Closed DK-Jang closed 5 years ago
Thank you for looking into our paper:)
Sorry I forget to put the temporal clipping part in the code. You can try to add the following lines in the forward
function of agent.py
here:
temp_lens = [64, 56, 48, 40]
tlen = temp_lens[random.randint(0, 3)]
start = random.randint(0, 64 - tlen)
inputs = [x[:, :, start:start+tlen] for x in inputs]
targets = [x[:, :, start:start+tlen] for x in targets]
In general, this temporal clipping augmentation is not crucial.
Hi, since you only trained on such length sequences, is it possible to extract features from a very long input sequence? For example a one minute video which would have 1000+ frames. Thanks.

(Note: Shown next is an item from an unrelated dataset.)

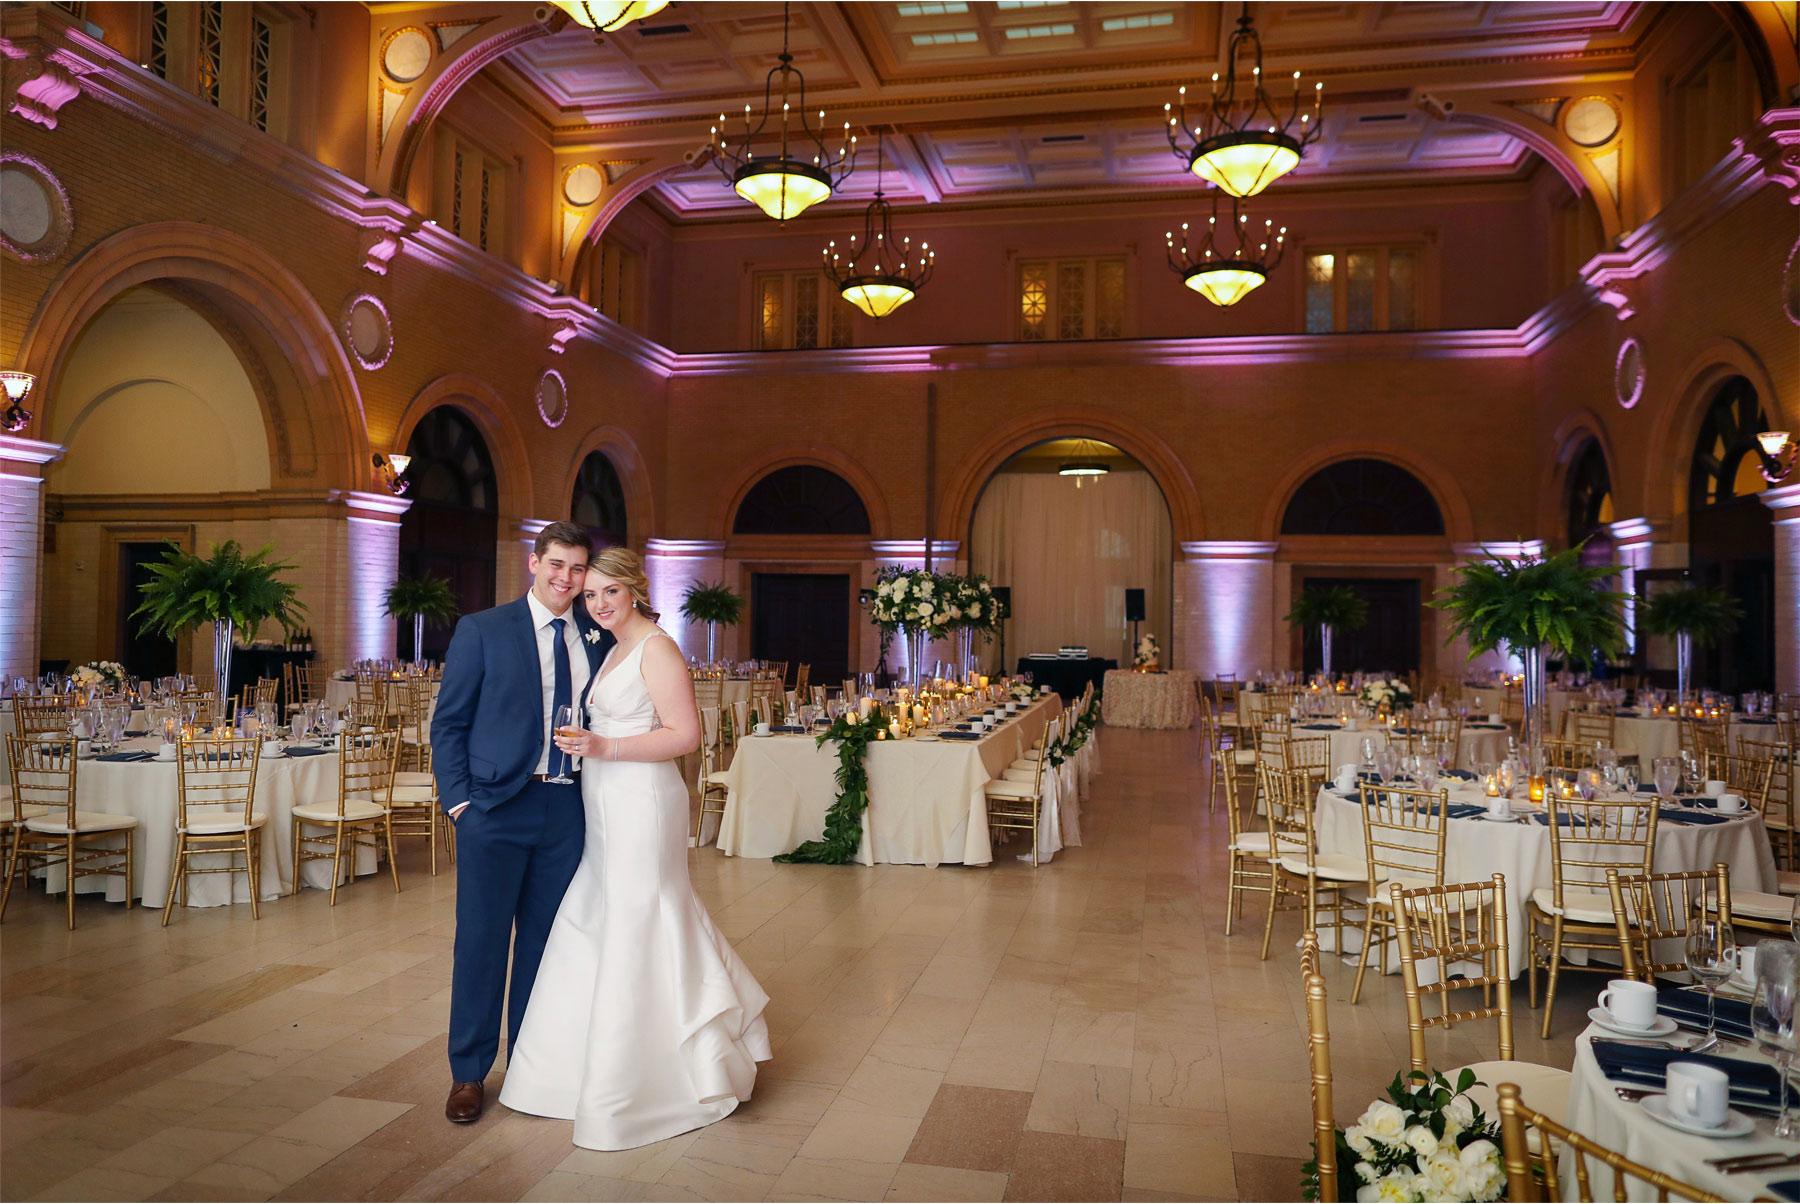 19-Minneapolis-Minnesota-Wedding-Vick-Photography-The-Depot-Reception-Room-Amelia-and-Alexander.jpg

It's OK to use long sequence input, as it's a fully convolutional network. And notice that we use ReflectedPadding
for all conv layers, which we found beneficial to apply the system on long sequence. If using ZeroPadding
, indeed there will be artifacts when using long sequence.
Hello, I am very interested in you paper :) While looking at your code, I can't find the "temporal clipping" part (paper page 7) for data augmentation in your code. I want to know where is the implementation about " in every iteration we randomly select the temporal length from the set T ∈ {64, 56, 48, 40}"
Thank you.